Но ни аккорды, ни мелодия не давались ему, он чувствовал себя в какой-то странной, опьяняющей атмосфере. И вместе с тем он видел, что пальцы её не только бегали по клавишам, бегали с неуловимой быстротой, но они как-то странно дрожали. Они производили такие быстрые, повторяющиеся удары, которых не в состоянии произвести, казалось ему, ни один пианист.

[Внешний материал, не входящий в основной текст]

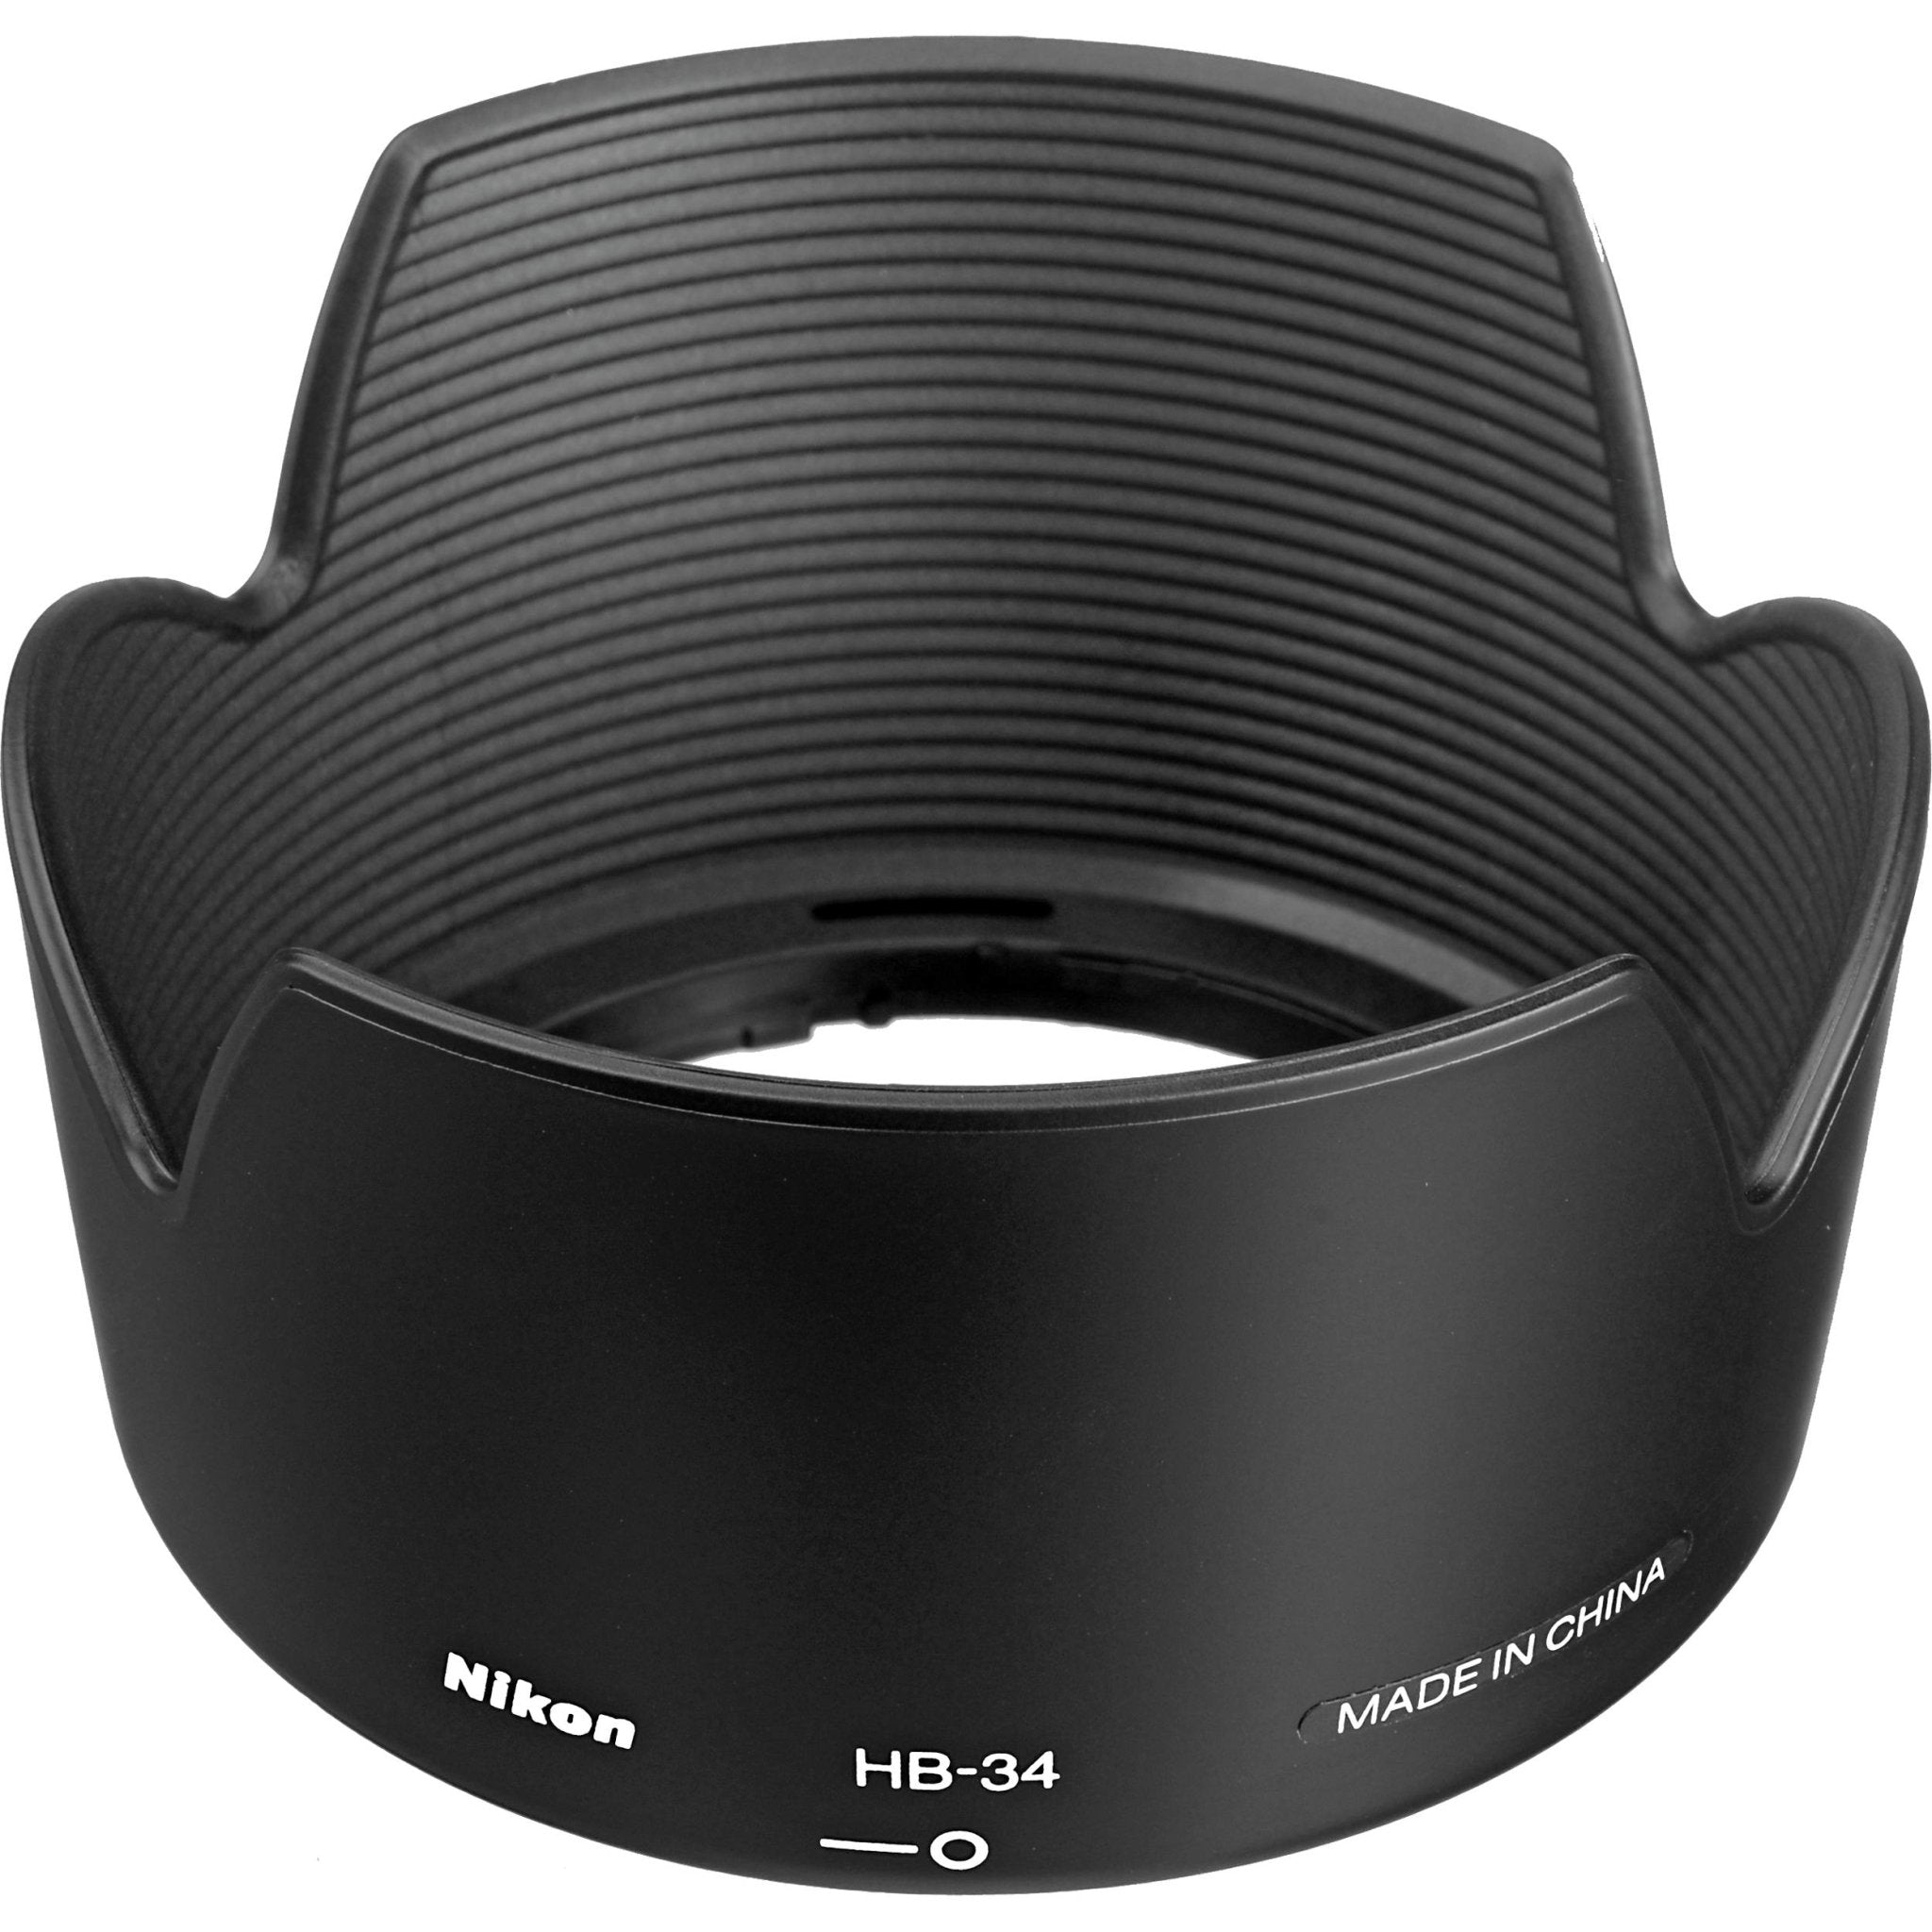 Nikon HB-34 Lens Hood For Nikon 55-200mm DX Lenses - The Camerashop
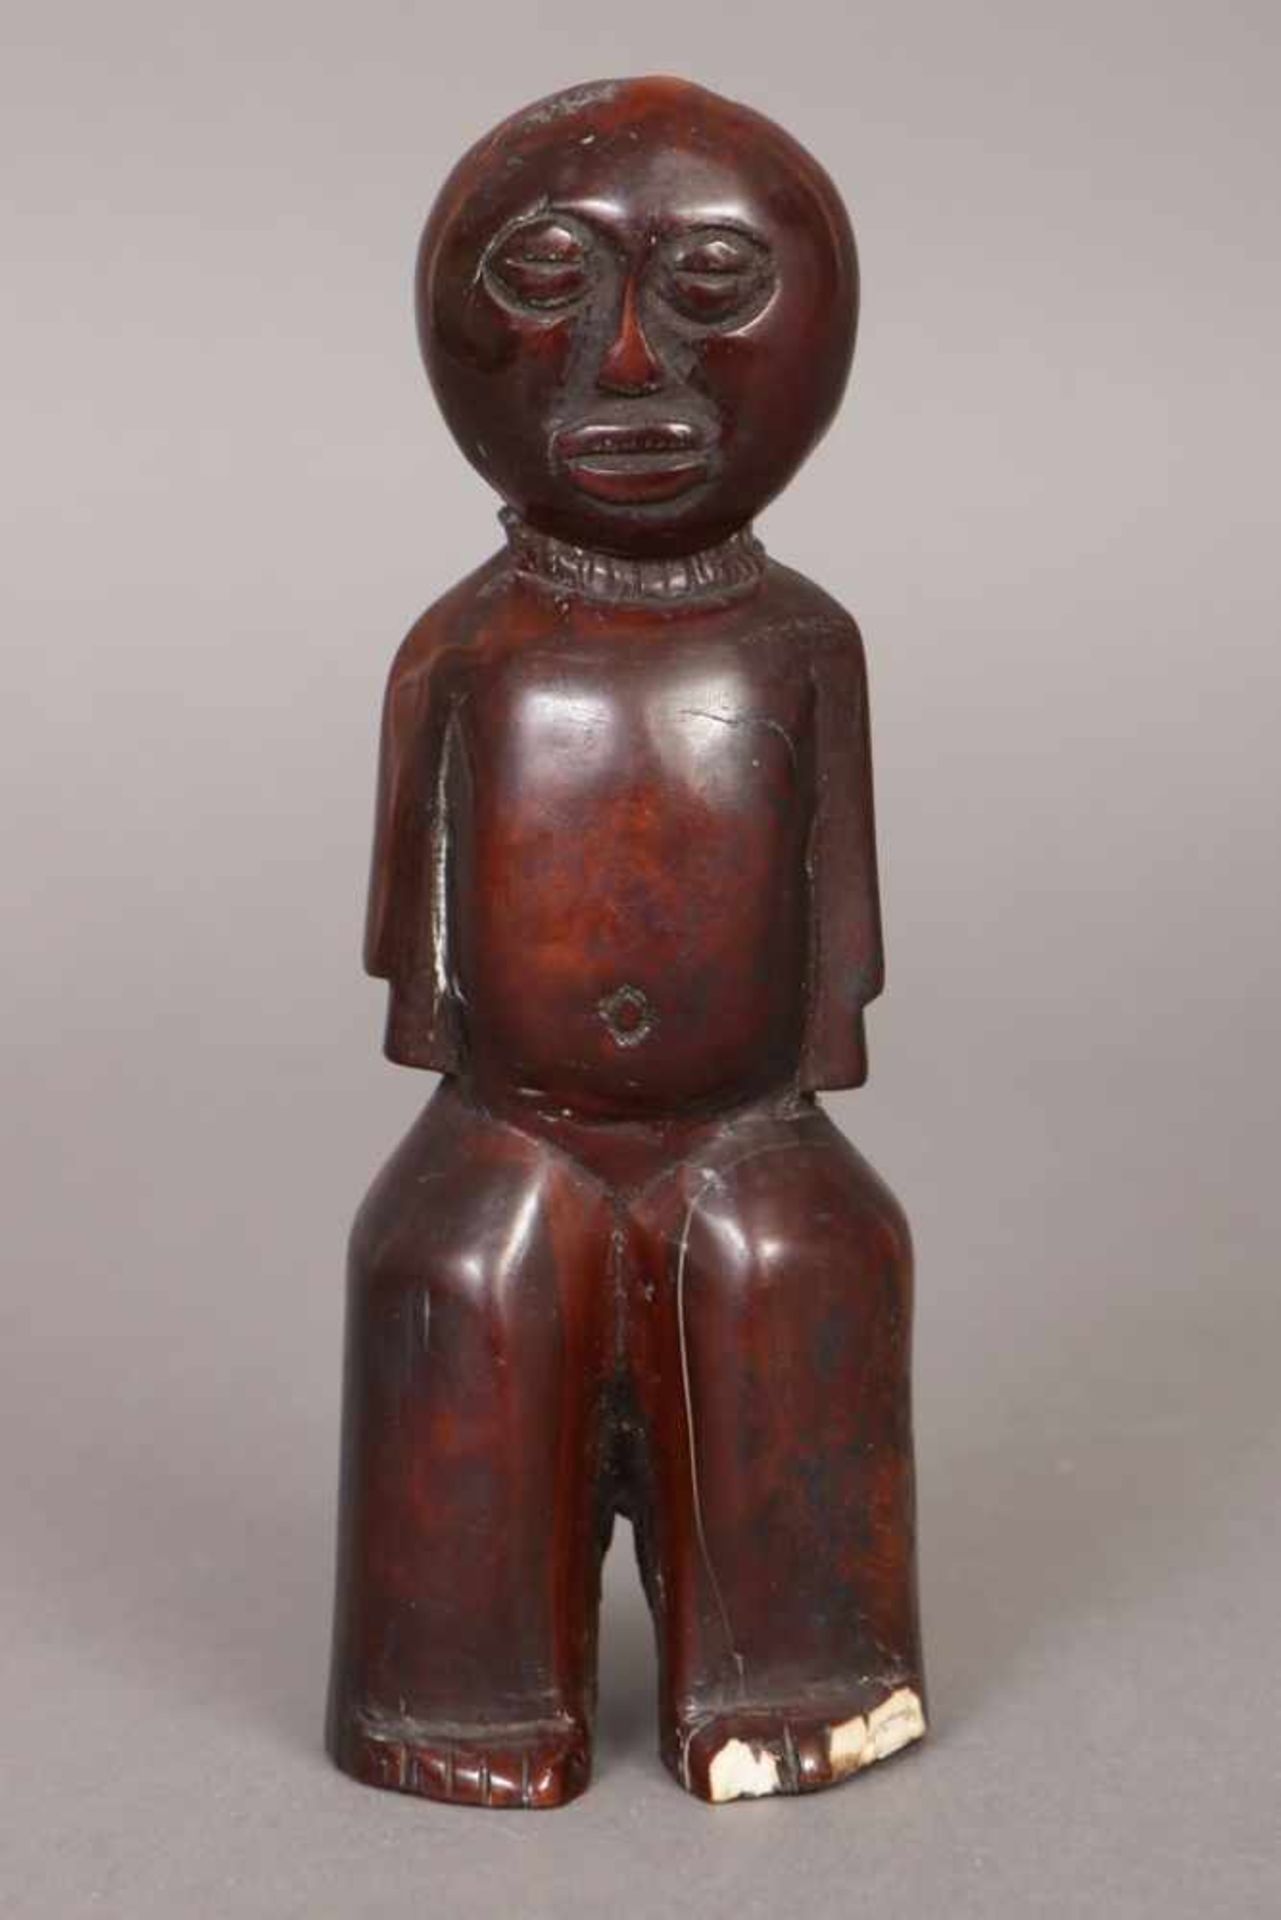 Afrikanische Ritualfigur Elfenbein, dunkel patiniert, Westafrika, wohl 1. Hälfte 20. Jhdt., stehende

— Мисс Джени, — сказал он, невольно откидываясь назад от её чудной молодой, трепещущей и волнующейся фигуры, — мисс Джени! ваши пальцы, мне кажется, иначе устроены. Что это за странный, невиданный, такой туш!
— О, сэр, — сказала она, и улыбнулась её доброй приветливой улыбкой, — это очень просто. Тут не столько нервы, сколько мышцы играют роль, мышечное чувство. — Она достала с полки над пианино гипсовую женскую ручку, на которой были показаны все мышцы, все их тонкие нежные ленты.
— Вот, сэр, — говорила она, — что необходимо развить для того, чтобы достичь этих быстрых tremolo, — и она показала ему эти тонкие ленты — и я развила их с помощью магнитно-электрических токов, развила так, что они видны даже сквозь покровы, — и она поднесла к его глазам её чудную ручку. — О! как хороша, неподражаемо хороша была эта ручка! В ней все было гармония, грация, сила, какие-то особенные, удивительно красивые выпуклости и углубления проходили по ней, круглились легкими волнующимися линиями и исчезали на концах пальцев и в чудных окраинах ладони…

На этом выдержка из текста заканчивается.